My offices in India recently had an issue where their ldap & license server image became corrupted. We’re still trying to root cause the issue, but I thought I would put a heads-up here to see if anyone else has had an issue.
Our ldap VM was a 50G qcow2 image (actual size was 7.9G with on-demand expansion enabled). After a recent reboot, the VM image somehow became corrupted. The host os (ipfire) doesn’t report any filesystem issues, but qemu-img showed massive leaks and the VM filesystems were mostly garbled. I tried connecting to the image with a boot iso in rescue mode, but was barely able to recover the ldap database. I was able to restore their vm by copying their ldap database to a clone of our vm and copying it back up, but 24 hours later it is now corrupt as well.
Their firewall is a fairly modern Dell workstation with 1T drive and 8G memory (similar to what I am running here in Portland Oregon). They are on IPFire build 139, we’re on 136 (I’ve been too busy to update our system).
this should have most likely nothing to do with libvirt but instead with qemu (which was updated to version 4.1.0 ) or with a broken filesystem.
Could you post some logs or anything similar, so we can see what caused the corruption?
Looks like it may be an incompatibility with an older qcow2 format maybe? I’ll have to deep dive into qemu history to see.
The qemu log for the VM has this repeating multiple times:
qcow2_free_clusters failed: Invalid argument
I set this up originally almost 2 years ago here in our Oregon datacenter. When we opened our branch office in Bangalore, I cloned the ldap VM (far easier than starting from scratch). When the BLR office updated the firewall to build 139 was when we started seeing issues. Our PDX office is still on build 136.

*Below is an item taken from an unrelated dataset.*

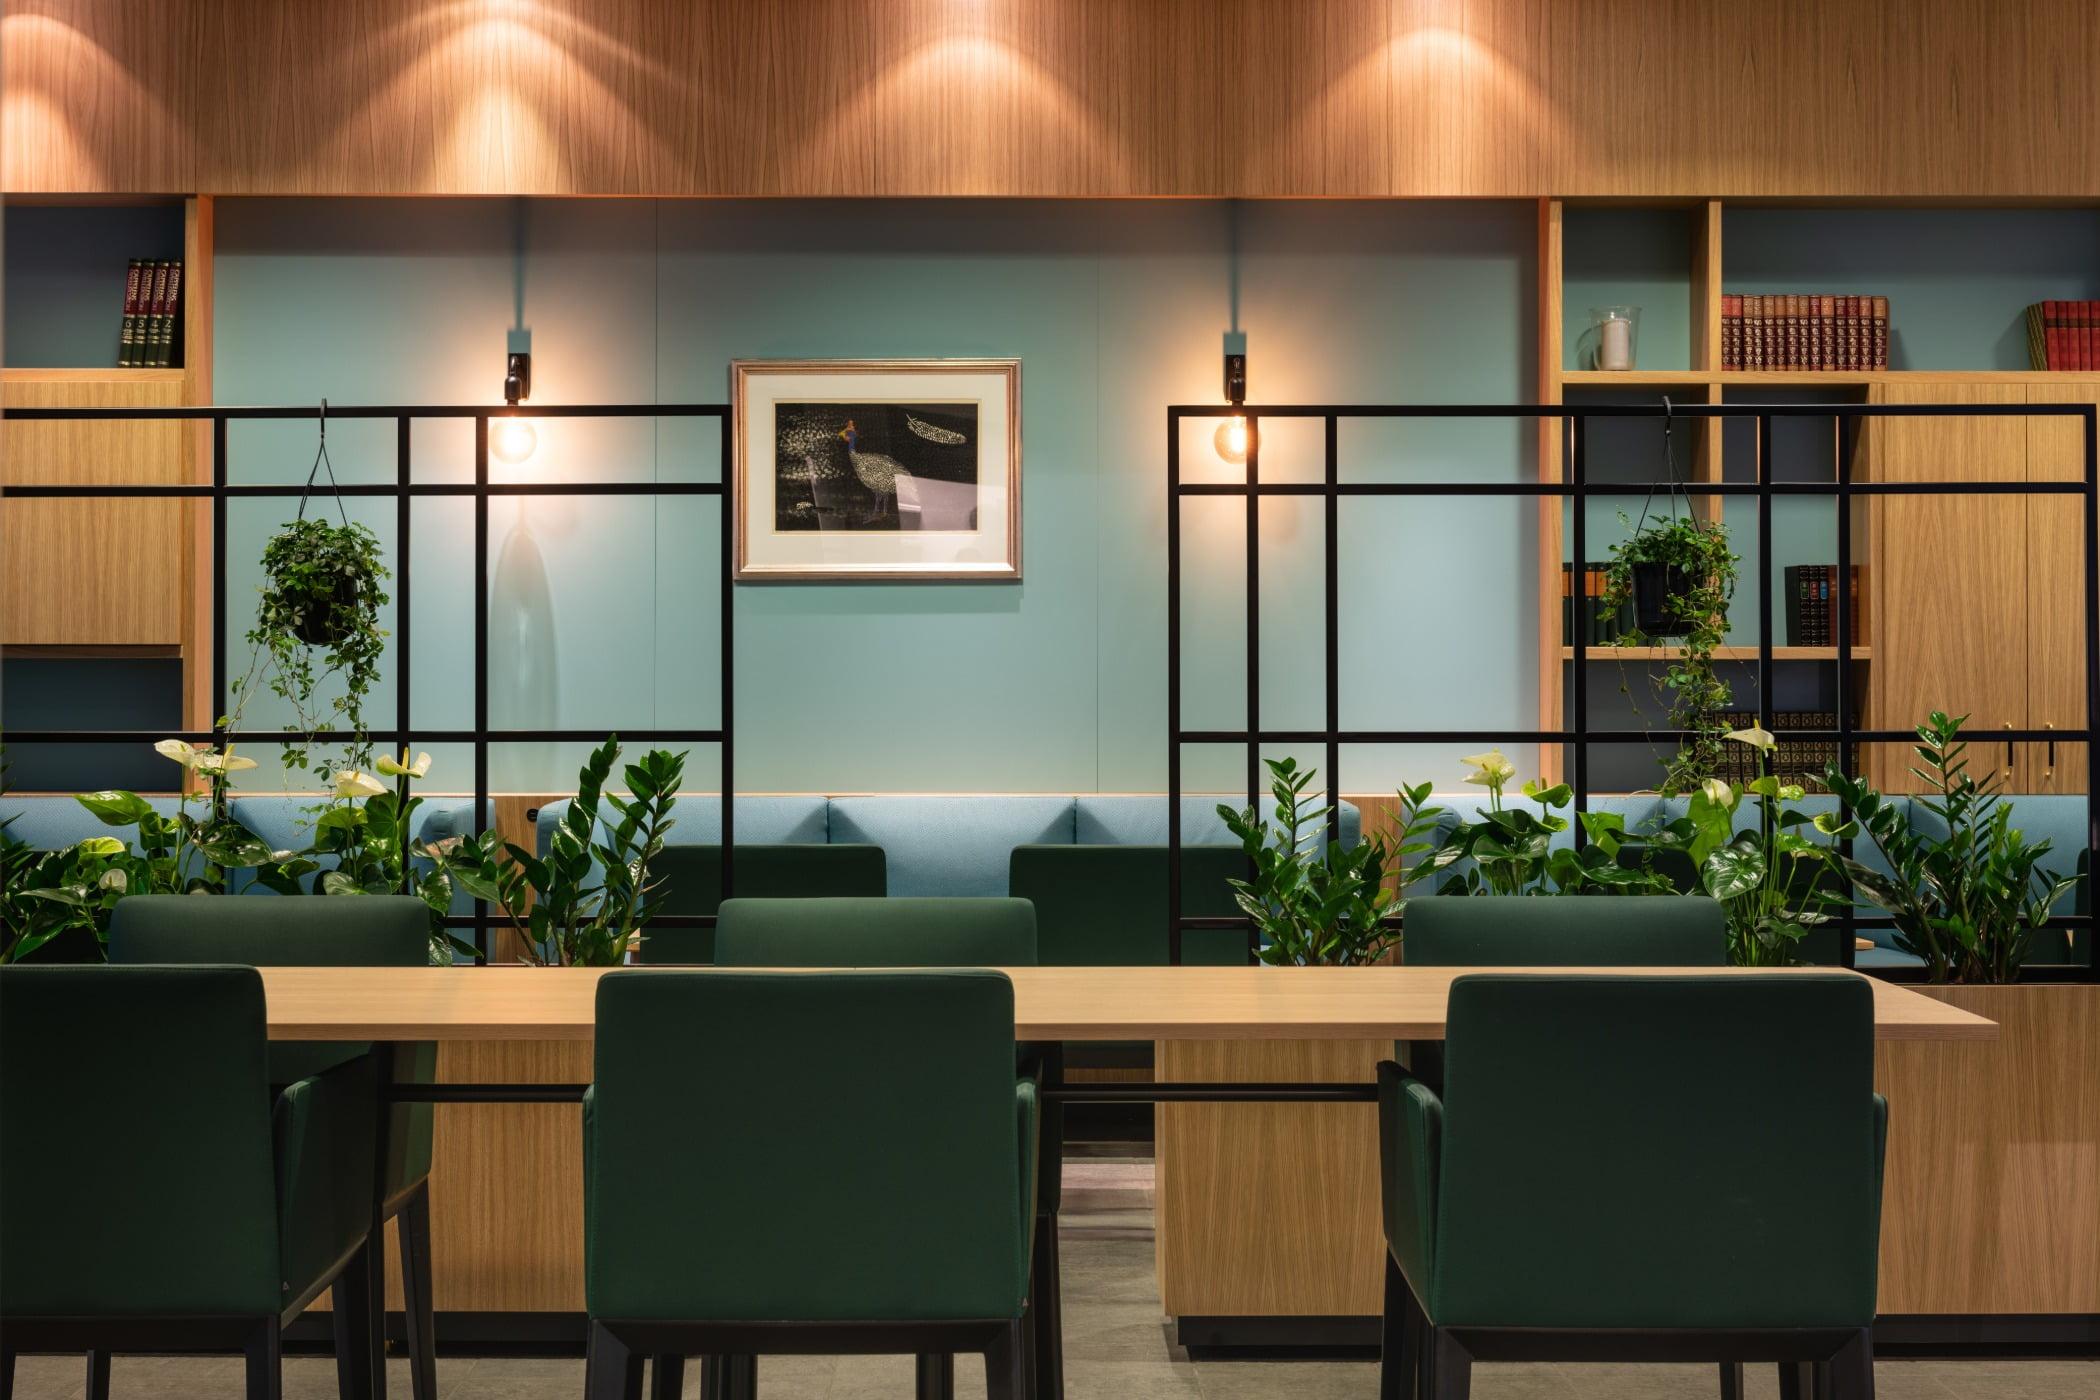 Hodneboprosjekt_innredning_hotell_restaurant_bar_kontor_konferanse, Interior design, Houseplant, Chair, Furniture, Table, Plant, Lighting

I was able to recover the ldap database from the corrupt image and copy a fresh clone of the PDX VM. As soon as I copy the VM to IPFire, qemu-img check reports errors (leading me to believe in a qcow2 format change). I now have the VM running in a raw format image. So far no errors, but it has only been 24 hours.
I plan on testing this theory here locally on a test system. Will update this thread when I know more.